[PROMPT] Please return the lines, both ends included, that run from the one containing "Color: Fancy Yellow, Natural" to the last line of the data below, exactly and alone.

[DATA TO USE]
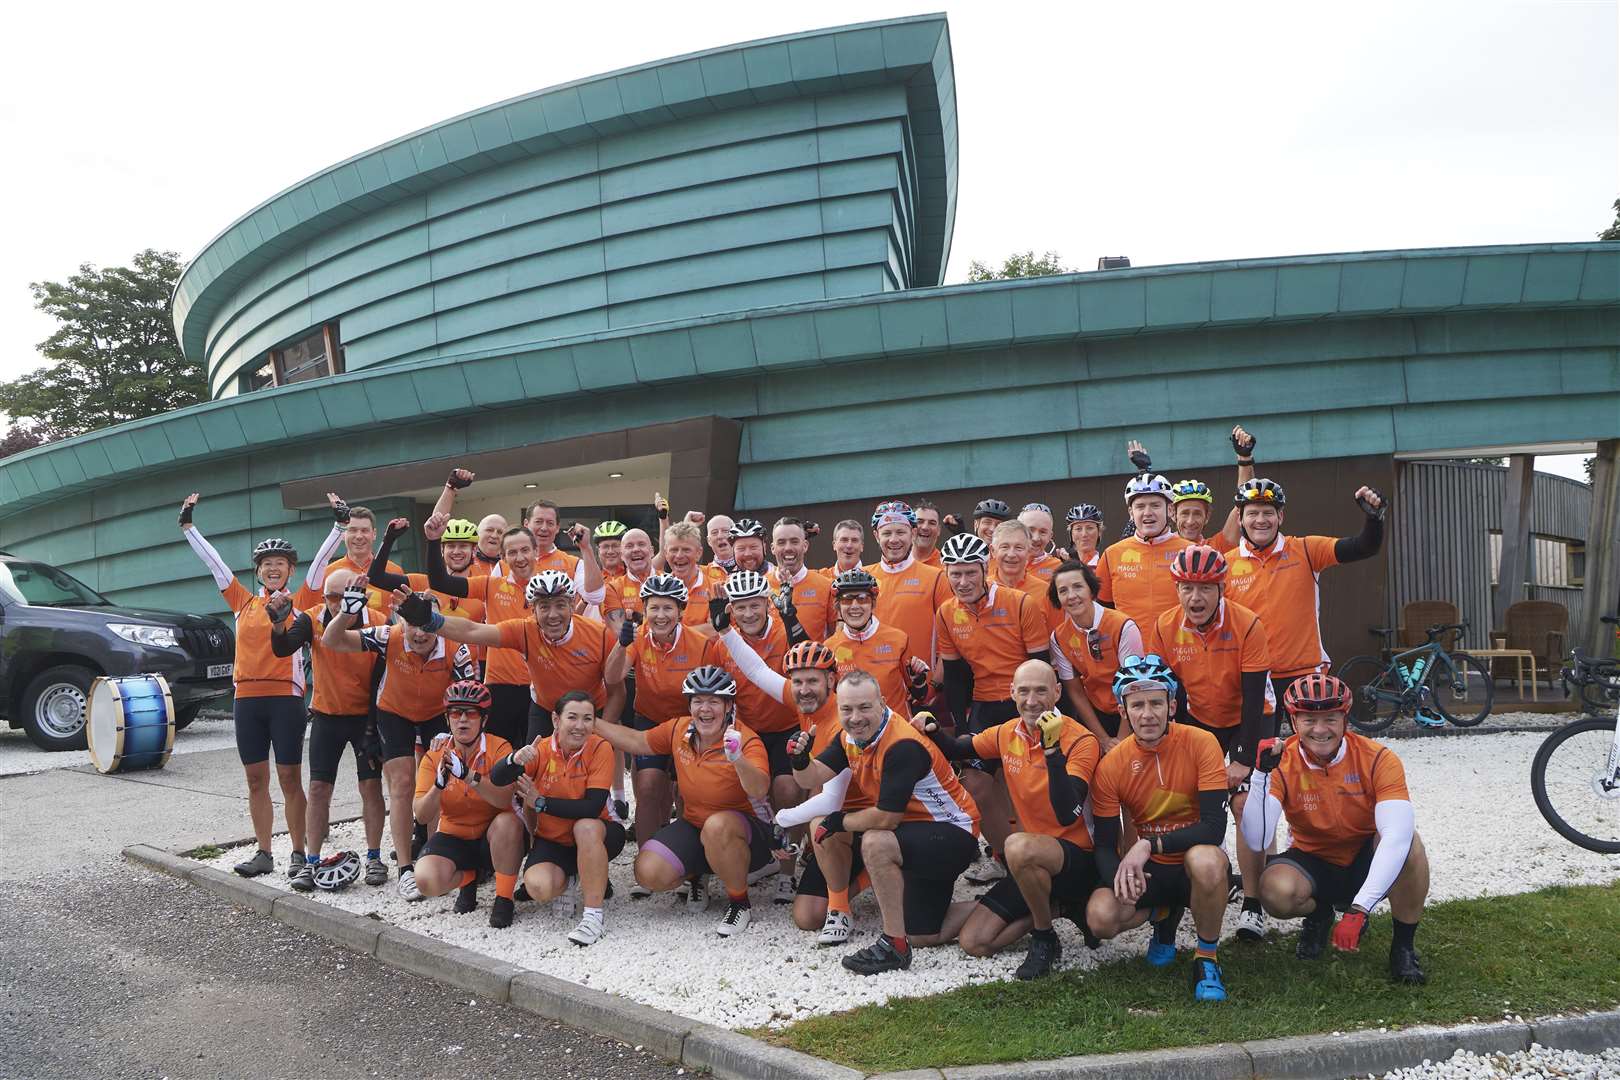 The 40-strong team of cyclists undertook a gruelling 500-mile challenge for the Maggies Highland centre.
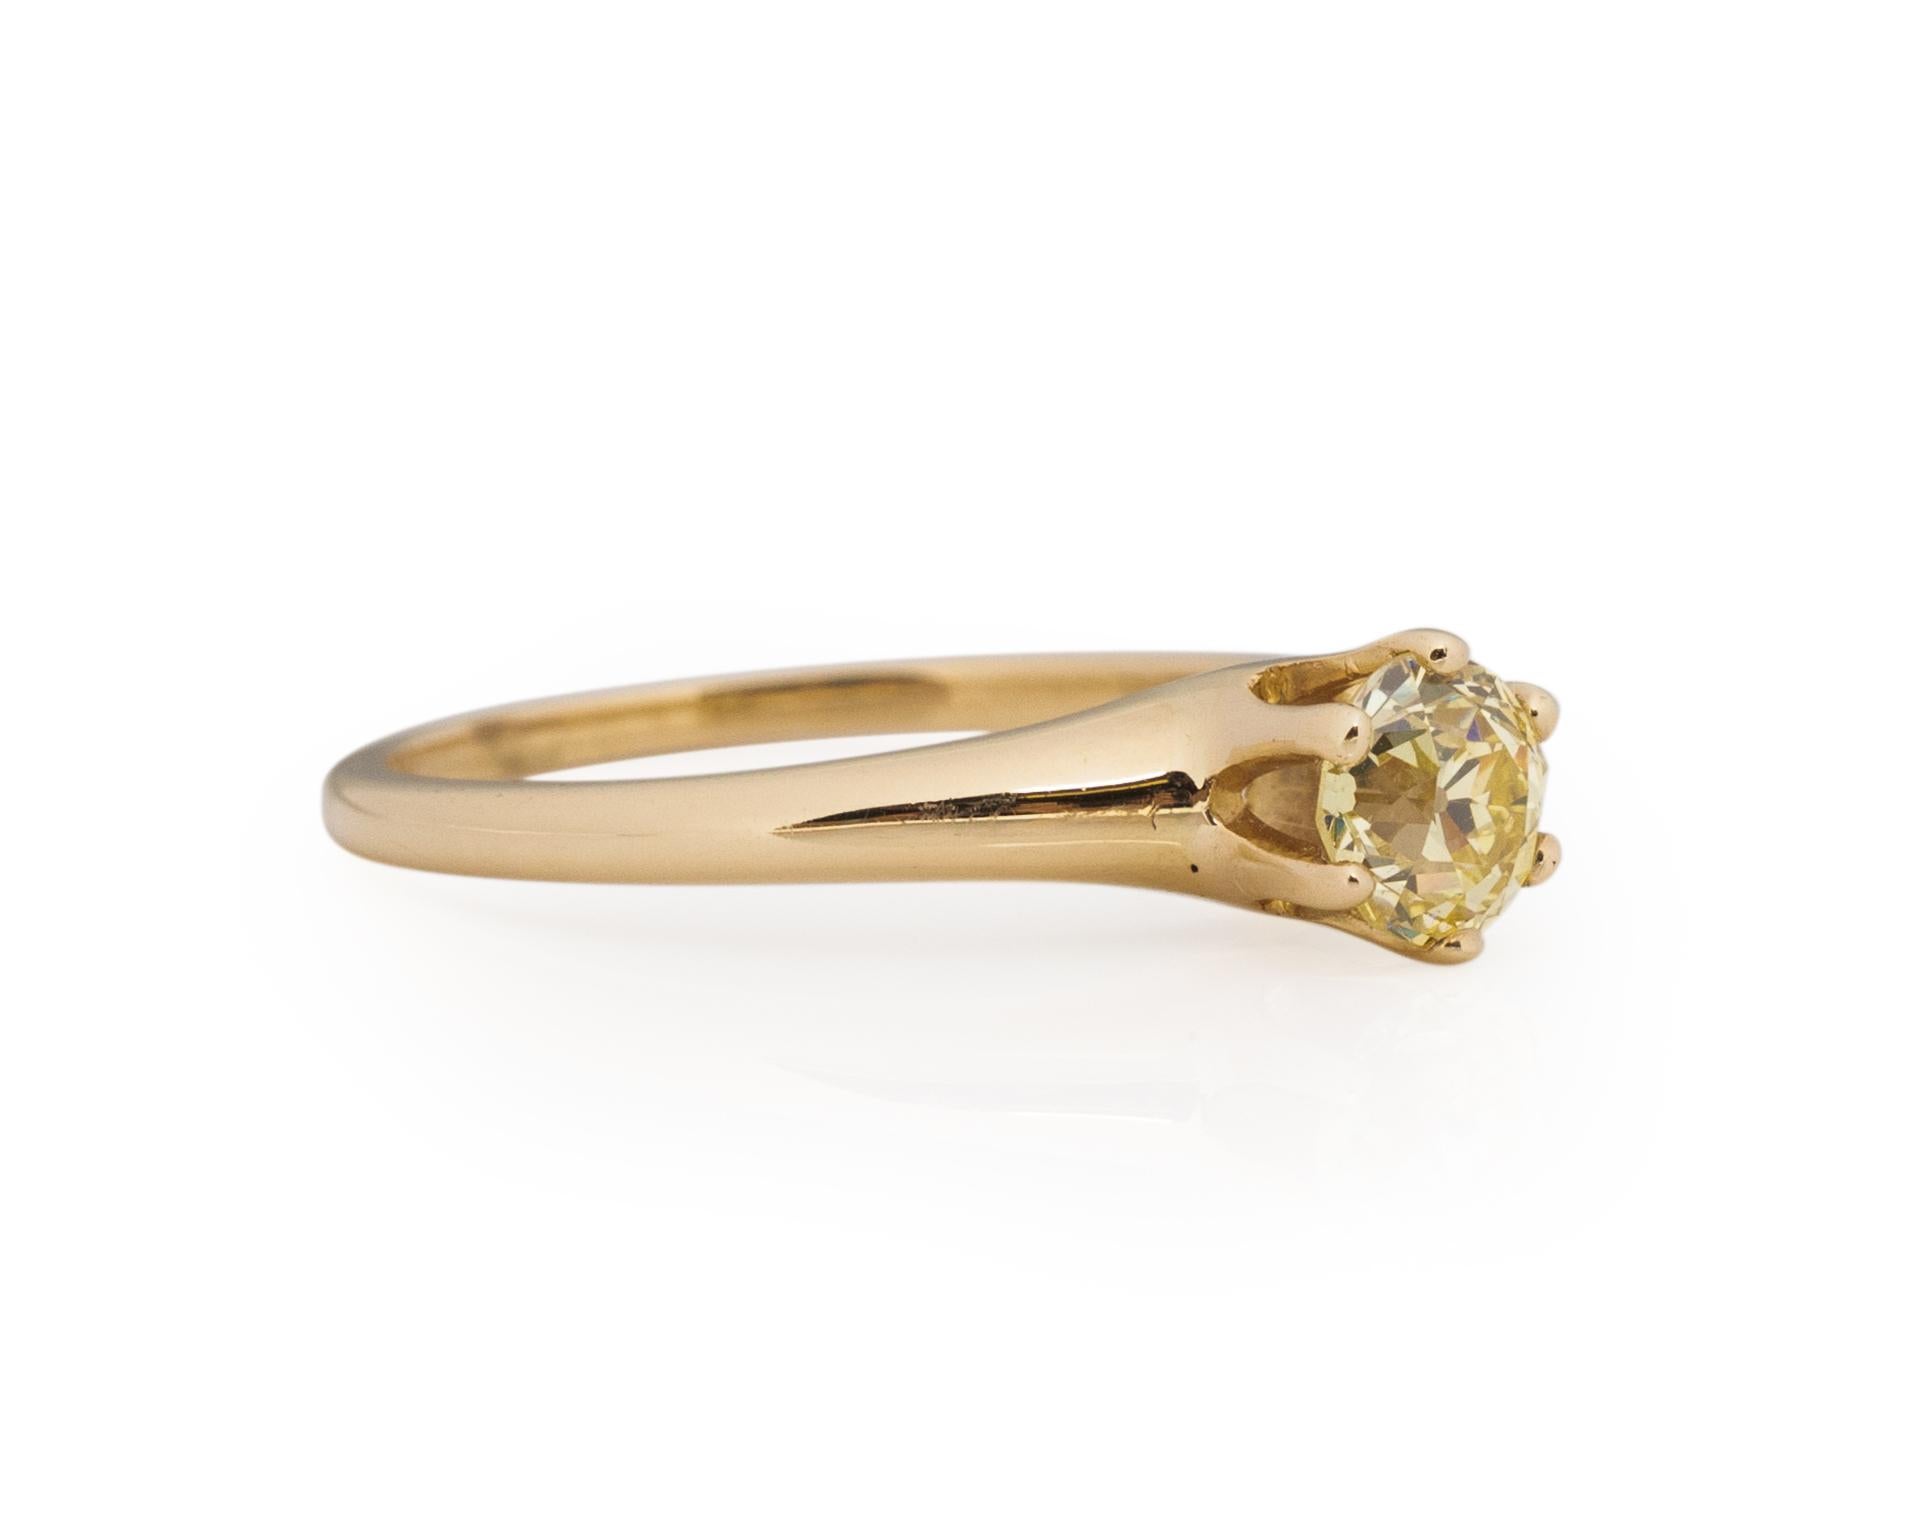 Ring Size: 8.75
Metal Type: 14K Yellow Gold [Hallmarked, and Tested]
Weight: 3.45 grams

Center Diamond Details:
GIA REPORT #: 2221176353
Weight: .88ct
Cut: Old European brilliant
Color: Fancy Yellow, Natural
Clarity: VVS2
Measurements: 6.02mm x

[EXERCISE ANSWER]
Color: Fancy Yellow, Natural
Clarity: VVS2
Measurements: 6.02mm x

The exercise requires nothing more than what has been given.